Vancouver Canucks: The Sedin Twins and the Irrationality of the Hockey Media

Karl ParkinsonContributor IIMay 27, 2011

VANCOUVER, CANADA - MAY 24:  Henrik Sedin #33 of the Vancouver Canucks controls the puck as teammate Daniel Sedin #22 looks on in Game Five of the Western Conference Finals against the San Jose Sharks during the 2011 Stanley Cup Playoffs at Rogers Arena on May 24, 2011 in Vancouver, British Columbia, Canada. The Canucks defeated the Sharks 3-2 in the second overtime to win the Western Conference Finals series 4-1. (Photo by Harry How/Getty Images)
Harry How/Getty Images

Yesterday I wrote an (apparently somewhat controversial) article about how the media is giving unwarranted attention to the play of Ryan Kesler in the first round.

In the comment section, a fellow user expressed the sentiment that, while my accusation may be accurate, there have been many other irrationalities expressed in the media and that perhaps I should highlight some of them. His sentiment was correct on two fronts: that Ryan Kesler is not the only beneficiary of unfair treatment in the media, and that yes, I should write about the others.

At various points in their careers Daniel and Henrik Sedin have been the subject of much controversy and criticism. They have been described as "soft," "enigmatic" and "overrated second-liners." They have been referred to many times as "The Sedin Sisters" or, my personal favourite, "the Tampon Twins" (even a Canuck fan has to admit that one's pretty funny).

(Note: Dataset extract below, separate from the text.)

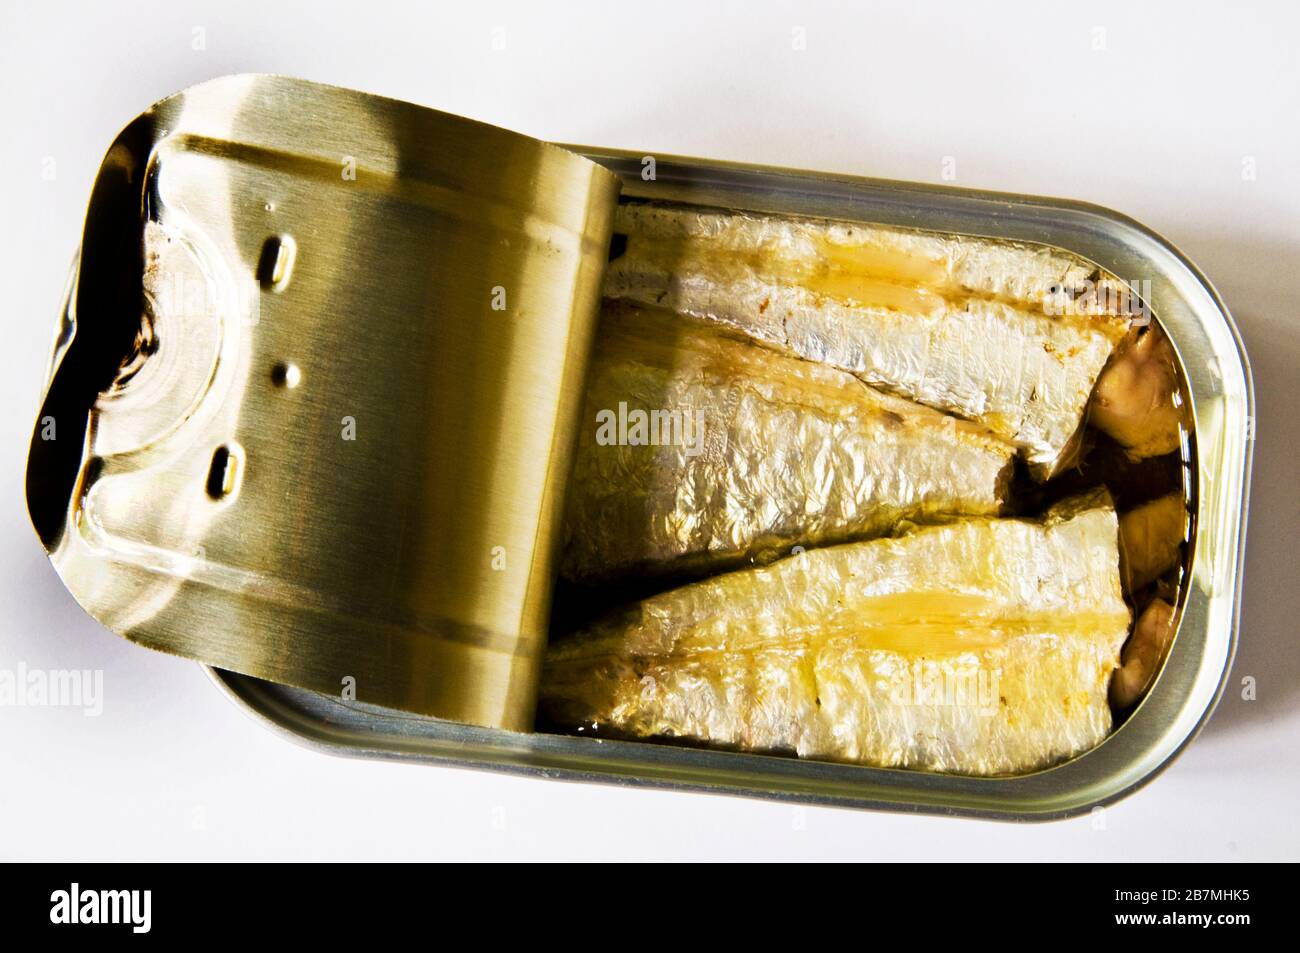 Les sardines sont un petit poisson riche en nutriments et une source d'acides gras oméga-3. Ils sont généralement servis en boîtes. Banque D'Images

Even after Daniel and Henrik ascended to the ranks of the NHL's elite and put together seasons of 104 and 112 points respectively, there still remained some doubt as to whether they could get it done in the playoffs or not. Two straight second-round defeats at the hands of the Chicago Blackhawks served to amplify that criticism.

The idea that the Sedin twins are playoff chokers is not entirely warranted. In the two years when the Canucks lost to the Blackhawks, Daniel and Henrik both put up 24 points in 22 games. That doesn't exactly strike me as "choking." The Canucks' failings the past two years are not the fault of the Sedins. Indeed, the Blackhawks were simply a better team in both years.

One would think that this year would be a different story. After all, the Canucks are in the Stanley Cup Finals for the first time in 17 years. The Sedins have to have shed their label as playoff underperformers, right?

Not necessarily.

If the headlines are to be believed, it would seem that at many times this spring, the Canucks are winning in spite of the Sedins. This is simply not true.

In the first round against Chicago, Daniel and Henrik received much of the blame for the Canucks coming within a Chris Campoli giveaway of being at the wrong end of the greatest comeback in modern history. It would appear that Dave Bolland was able to come into the lineup and immediately neutralize the Sedins.

The scoring chance data for the Canucks and Blackhawks tell a different story. These numbers show that even with Dave Bolland matched against them, the Sedins were still able to finish with two of the best scoring chance differentials in the series. So while Dave Bolland may have had somewhat of a negative impact on the play of the Sedins, it was far from detrimental.

Despite Bolland's apparently Herculean defensive job on the Twins, Vancouver was able to squeak by Chicago and advance to face the Nashville Predators.

At various times during his career, Ryan Kesler has been described as "gritty," "chirpy," "cocky" and "playing with jam and heart." After he went supernova against the Predators, he quickly became a Conn Smythe favourite and reached the status of legend in the media. It would appear that Kesler single-handedly willed the Canucks to victory over the Predators without the slightest contribution from Daniel and Henrik.

This is unfair.

Right now, there are five Vancouver players with double-digit point totals in the playoffs: Henrik (21), Kesler (18), Daniel (16), Burrows (14) and Christian Ehrhoff (11). So other than Ryan Kesler, the Canucks top line is really the only one that is scoring consistently. Anyone making the claim that Daniel and Henrik haven't contributed as much as Ryan Kesler is wrong.

Against Nashville, the Sedins were disparaged for some ugly minus numbers as much as for their supposed lack of offense. It could be the Sedins' usually good defensive play went on vacation for six games, but I have a different explanation.

When the two brothers were on the ice, Roberto Luongo had a save percentage of .880, while his SV percentage behind Ryan Kesler was .973. Ryan Kesler is a Selke finalist so he is a good defensive player, but is his defense really that much better than the Sedins that it would cause Luongo's SV percentage to jump by 17 points?

I suppose it's possible. It could be that Kesler's "grit, heart and jam" is enough to turn Roberto Luongo from a poor goaltender to an elite one, but I doubt it. It's far more likely that this is simply a statistical anomaly that got amplified due to the short sample size of a six-game playoff series. Someone has to receive the short end of randomness.

It's a shame that "Statistical Anomaly" makes for a lamer narrative than "Gritty North American Player with Heart Wills Enigmatic European Teammates to Victory."